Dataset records
════════

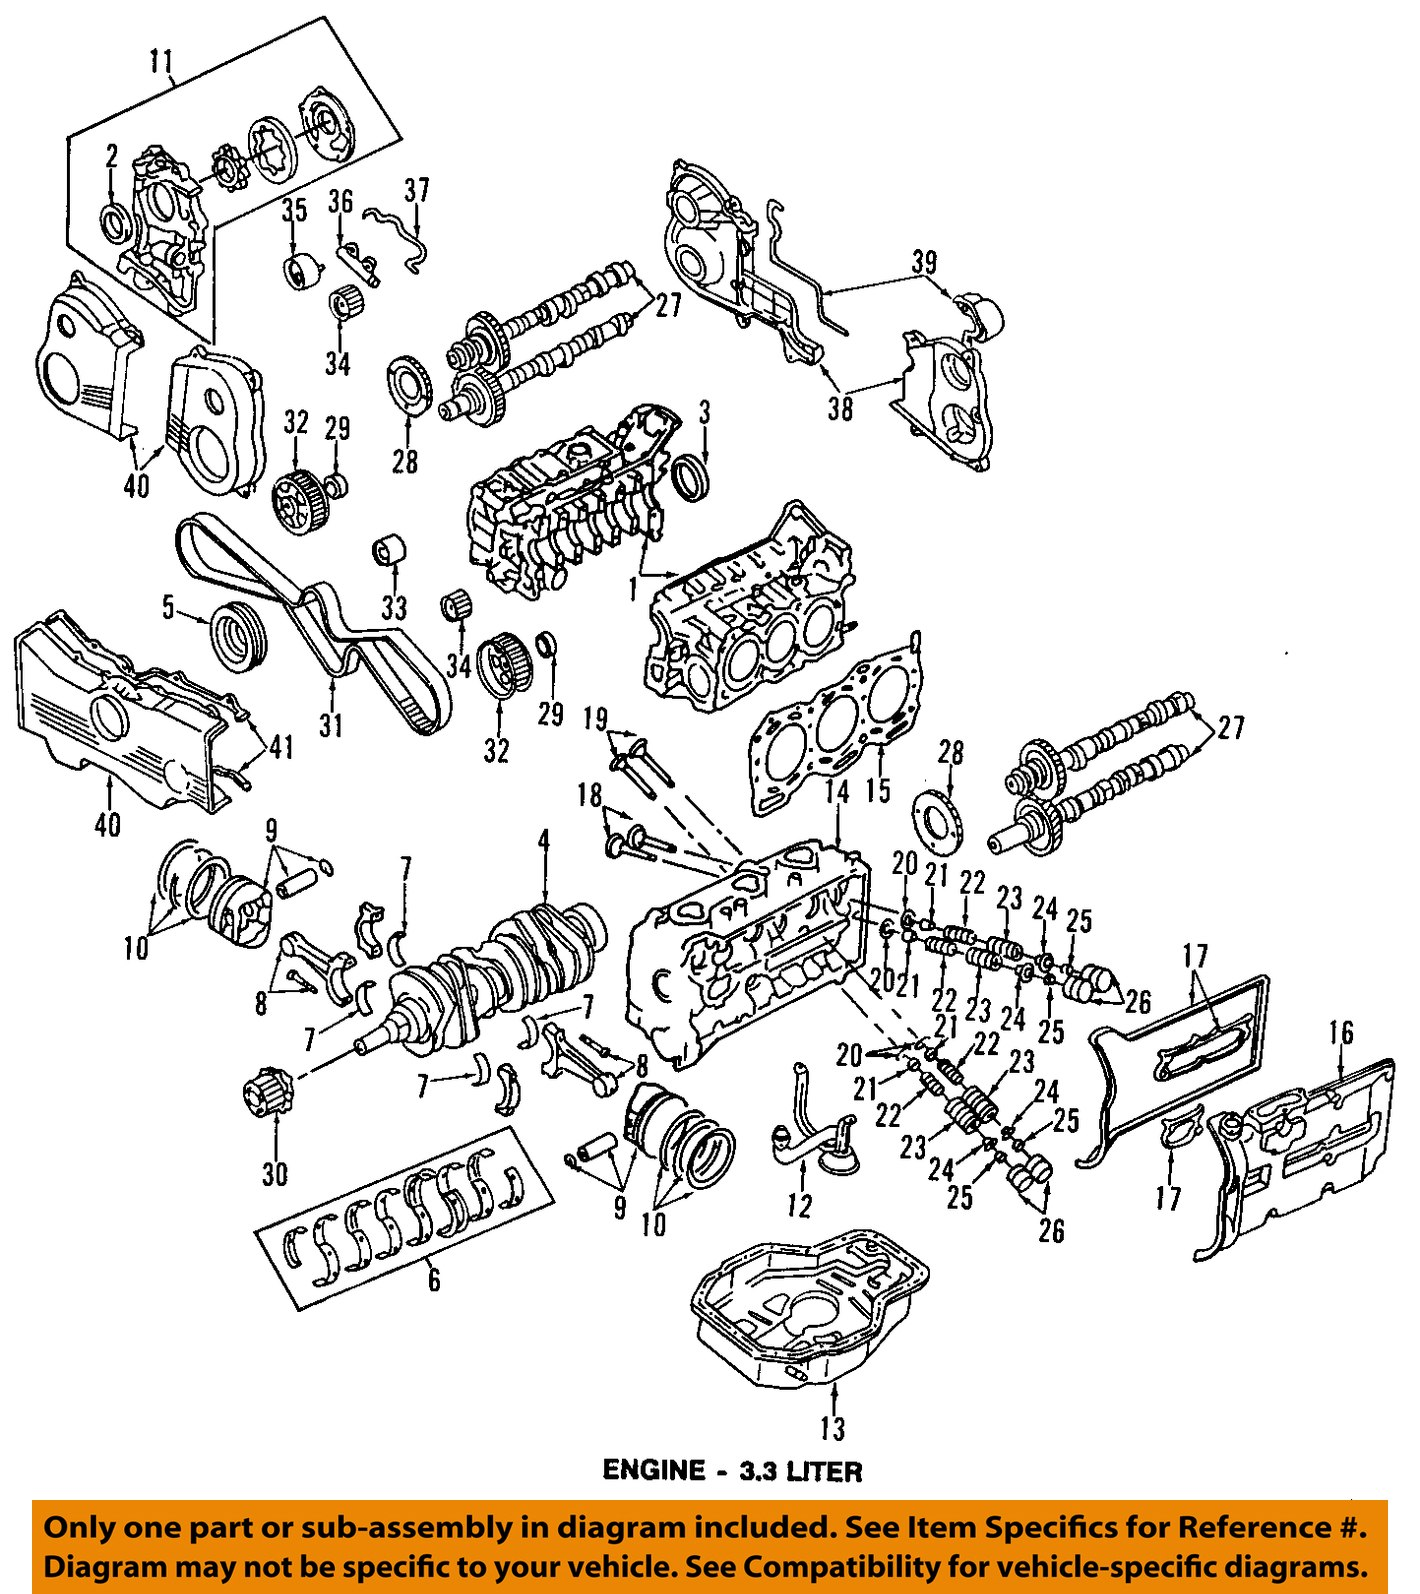 92 Subaru Legacy Engine Diagram Wiring Diagrams 2002 Oem 97 Svx Timing Belt 13028aa120 Outback Parts 2006
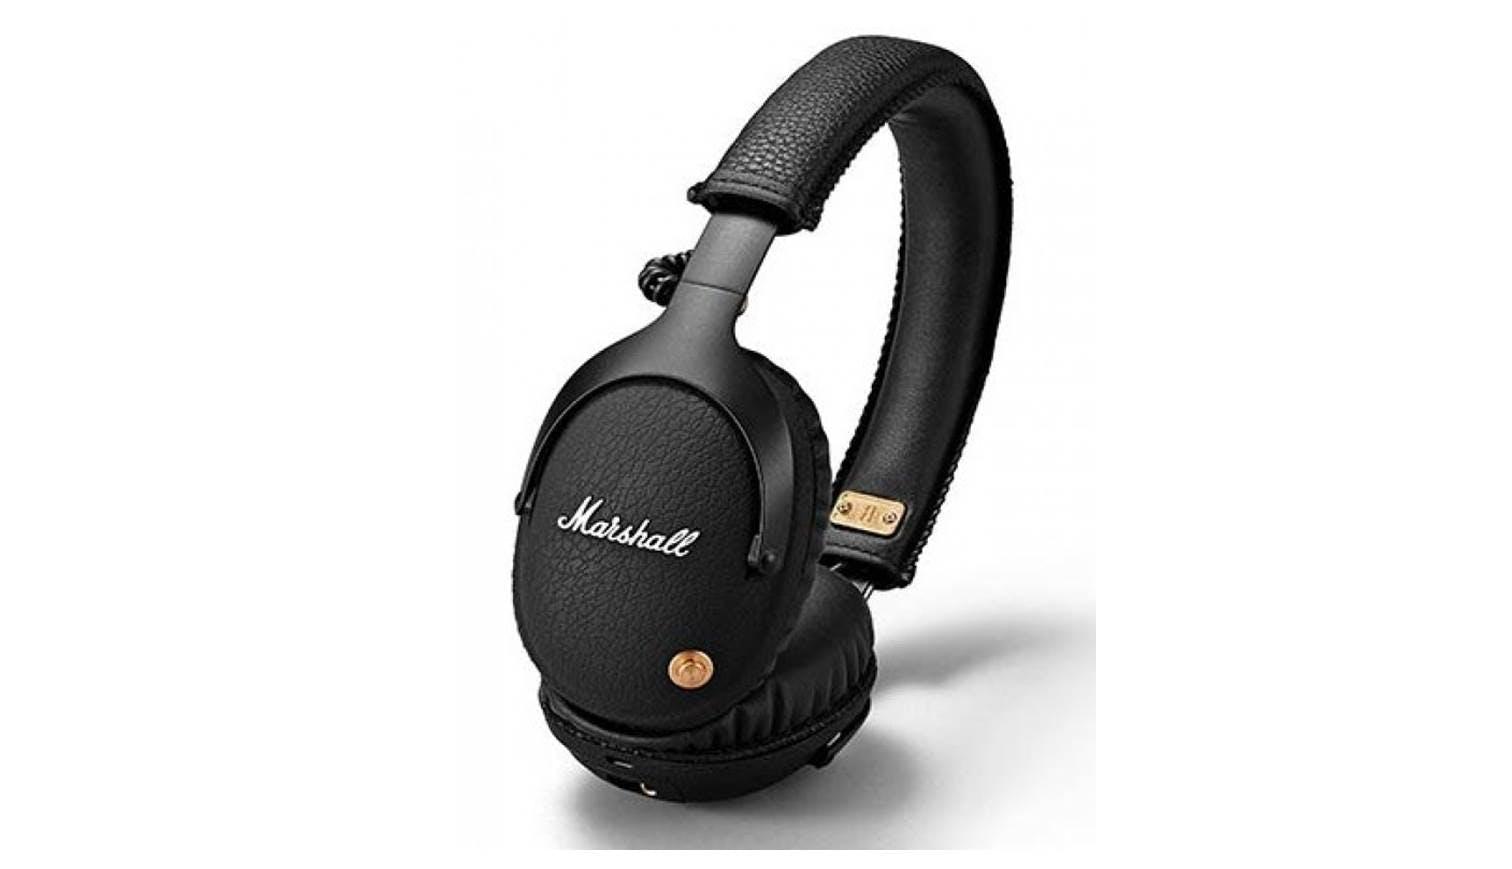 marshall monitor bluetooth over ear headphone black. Black Bedroom Furniture Sets. Home Design Ideas
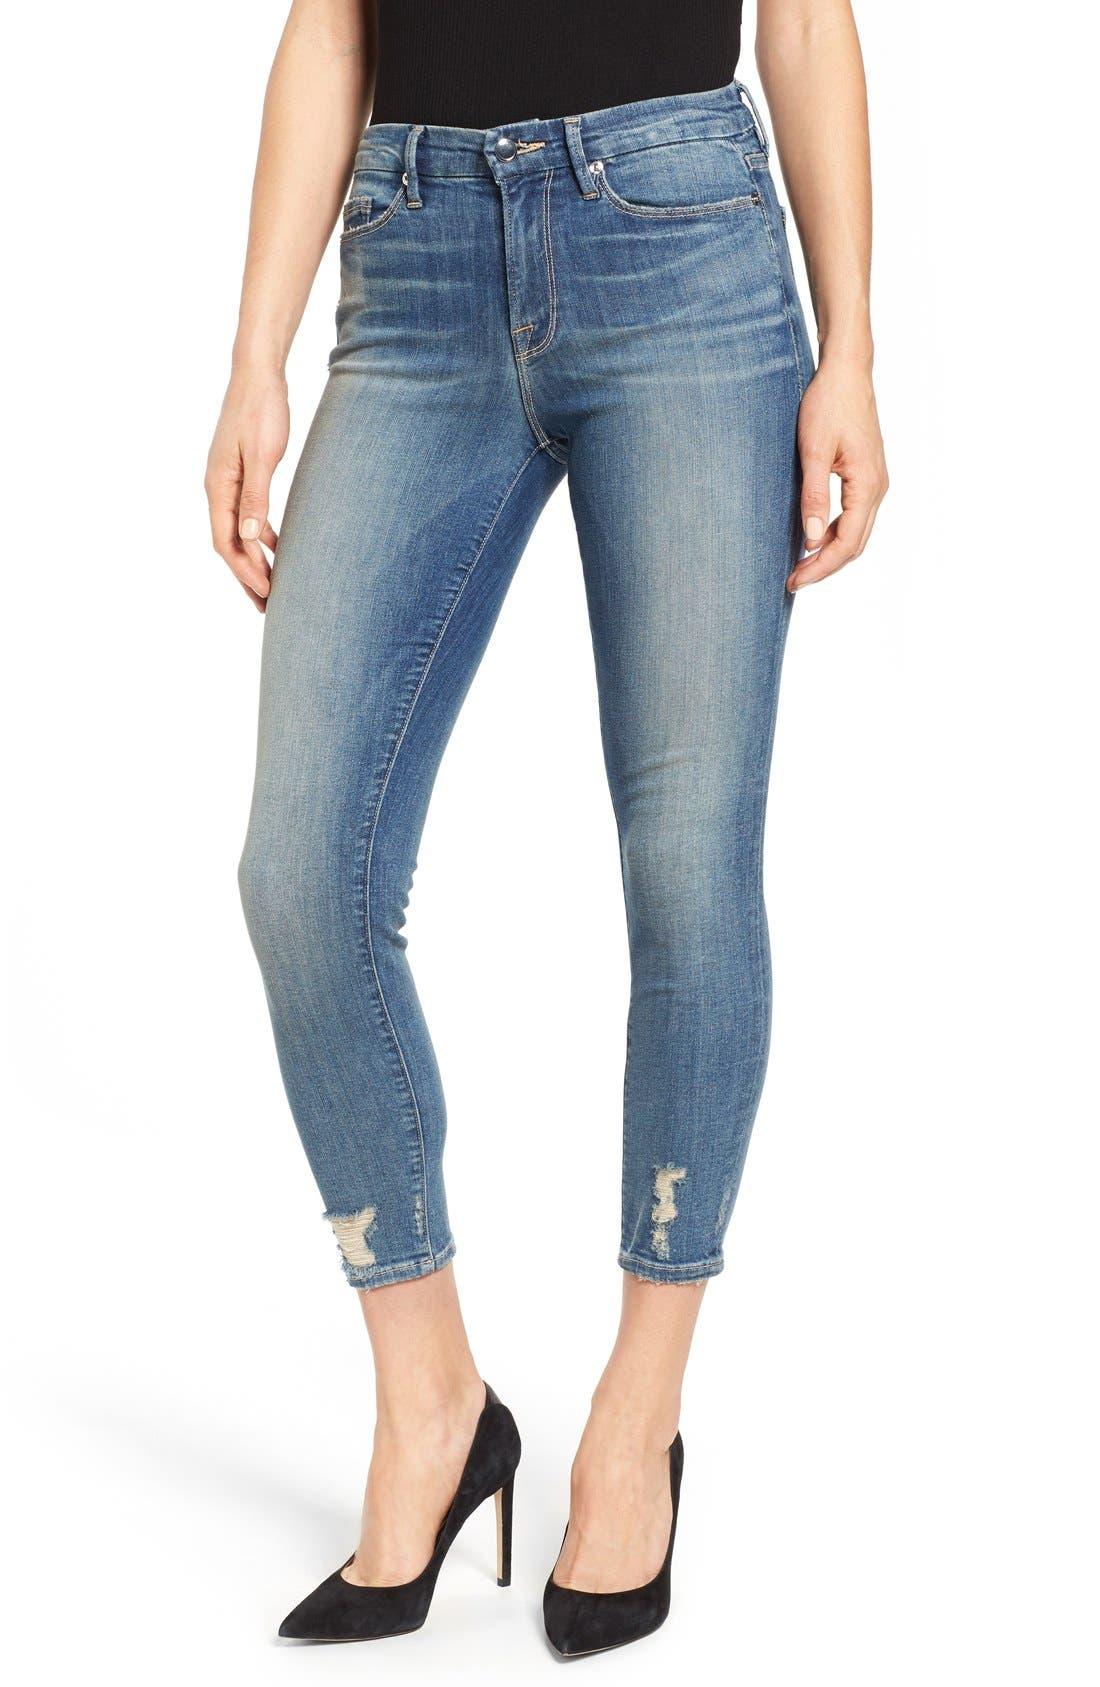 Alternate Image 1 Selected - Good American Good Legs High Rise Crop Skinny Jeans
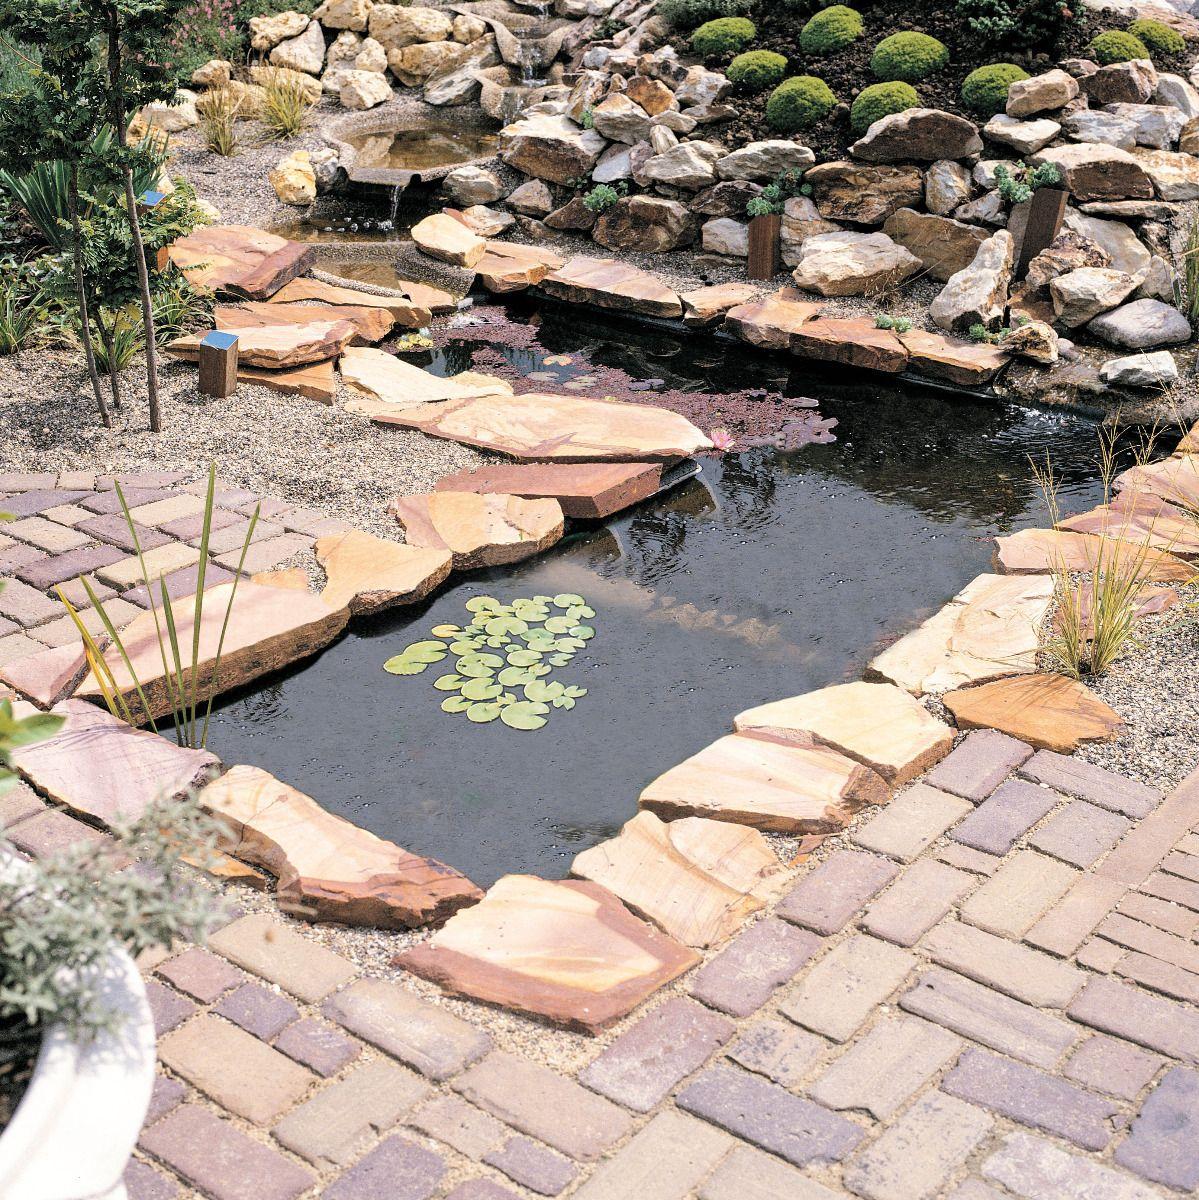 Comment Installer Un Bassin De Jardin Préformé ? serapportantà Kit Bassin De Jardin Préformé
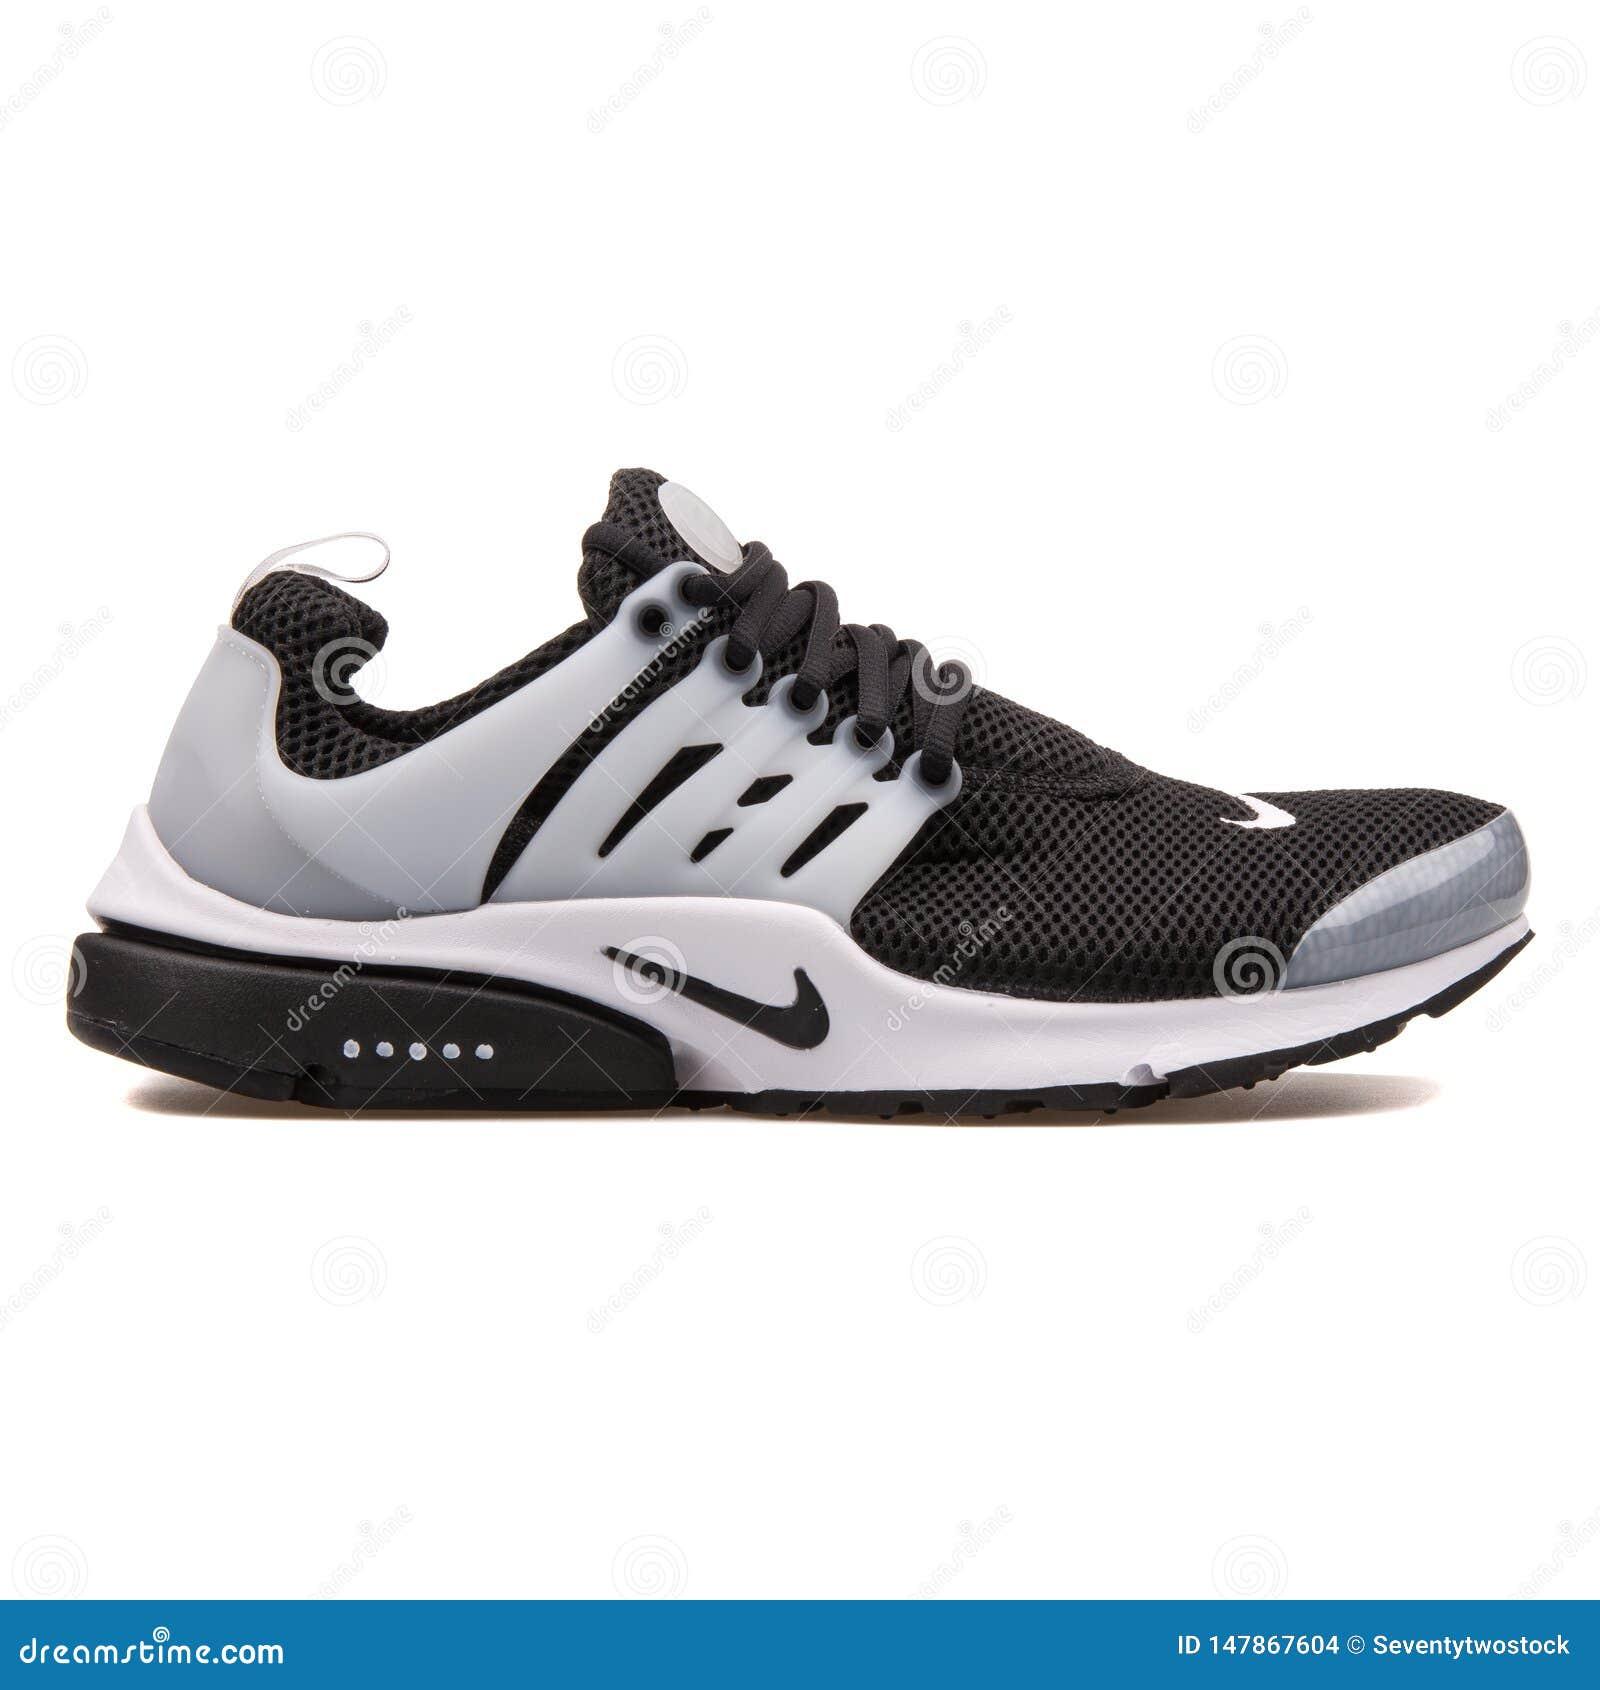 Nike Air Presto Black And White Sneaker

════════

What is being asked
Word for word, restate the lines from the line with "marshall monitor bluetooth" through the last line of the entries, and nothing beyond them. Omit pictures.

Task solution
 marshall monitor bluetooth over ear headphone black. Black Bedroom Furniture Sets. Home Design Ideas
 Alternate Image 1 Selected - Good American Good Legs High Rise Crop Skinny Jeans
 Comment Installer Un Bassin De Jardin Préformé ? serapportantà Kit Bassin De Jardin Préformé
 Nike Air Presto Black And White Sneaker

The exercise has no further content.